In the end though, Afzal will have to convince the minority shareholders of TdC that the deals being proposed are for the long-term good of the comanpy and not aimed solely at benefiting him or other individuals personally. No wonder Afzal has been busy trying to explain this deal to analysts and fund managers over the last few days.
The proposals in a nutshell
TIME dotCom Bhd (TdC) announced on Monday that it proposed to buy three companies for RM339mil. The three companies were AIMS Group, which would be acquired for RM128mil, of which RM38.4mil would be in cash, Global Transit Communications Sdn Bhd (GTC) for RM106mil in stock and Global Transit Ltd (GTL) for RM105mil, of which RM52.5mil would be in cash and the balance in shares.

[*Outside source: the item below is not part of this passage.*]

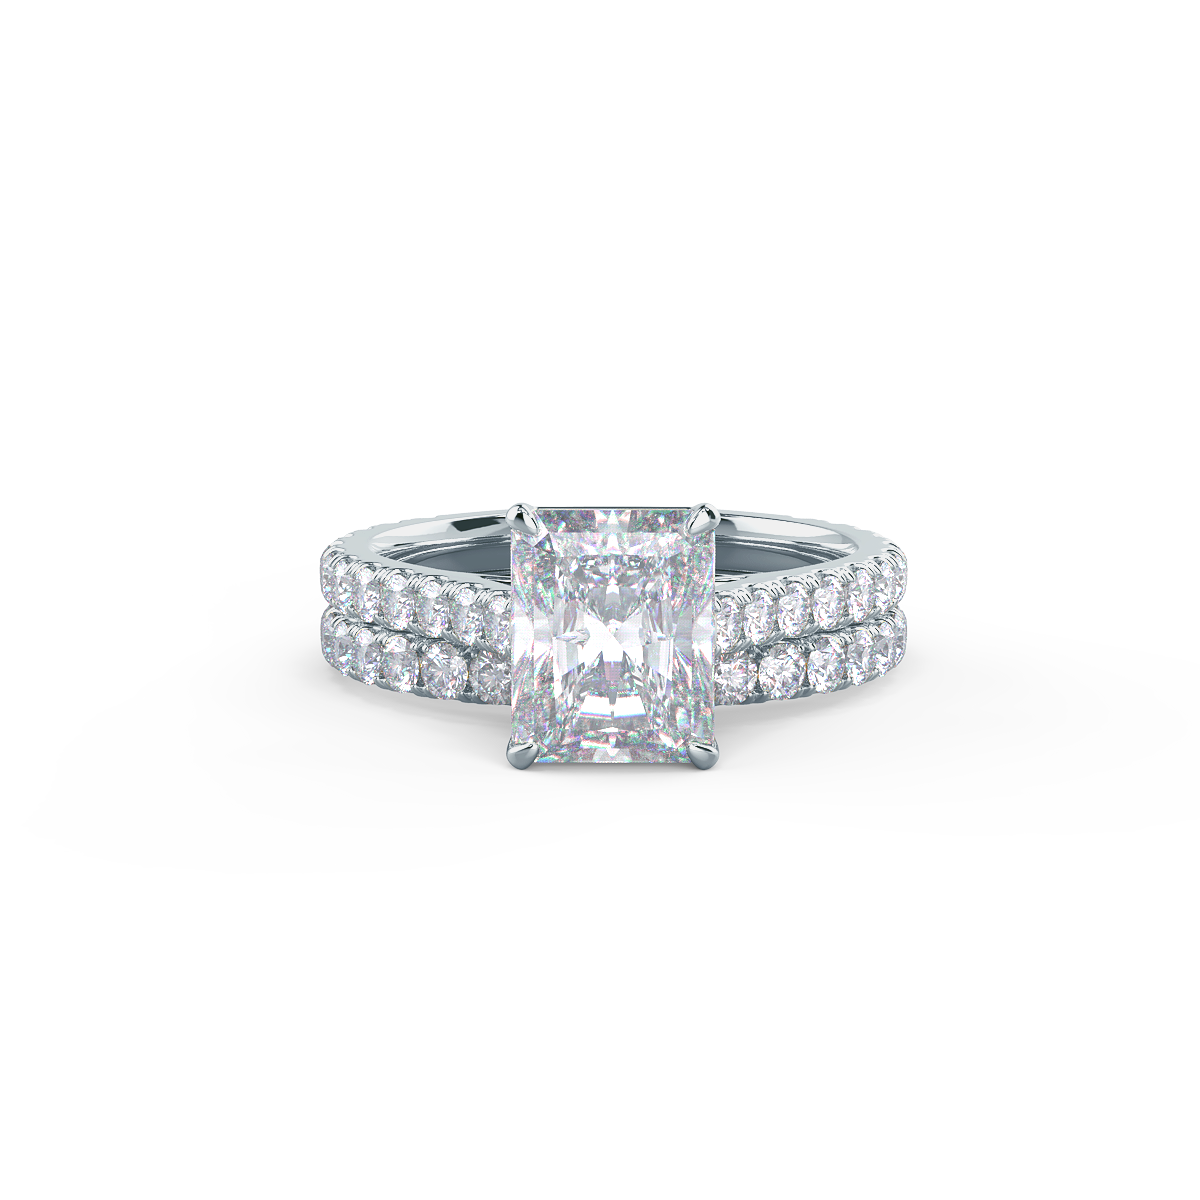  This setting can be made to allow a wedding band to sit nearly flush.    Shop All Wedding Bands

It also proposed to make a capital repayment to existing shareholders totalling RM50.6mil, equal to 2 sen a share, as well as a 90% capital reduction and share consolidation exercise.
TdC, which has a paid-up capital of RM2.53bil, comprising 2.53 billion shares of RM1 each, is proposing to cancel 90 sen of the par value of its shares. It is proposing to then consolidate its 2.53 billion 10 sen par value shares into 506.15 million 50 sen par value shares, on the basis of five shares of 10 sen par value into one share of 50 sen par value in TdC.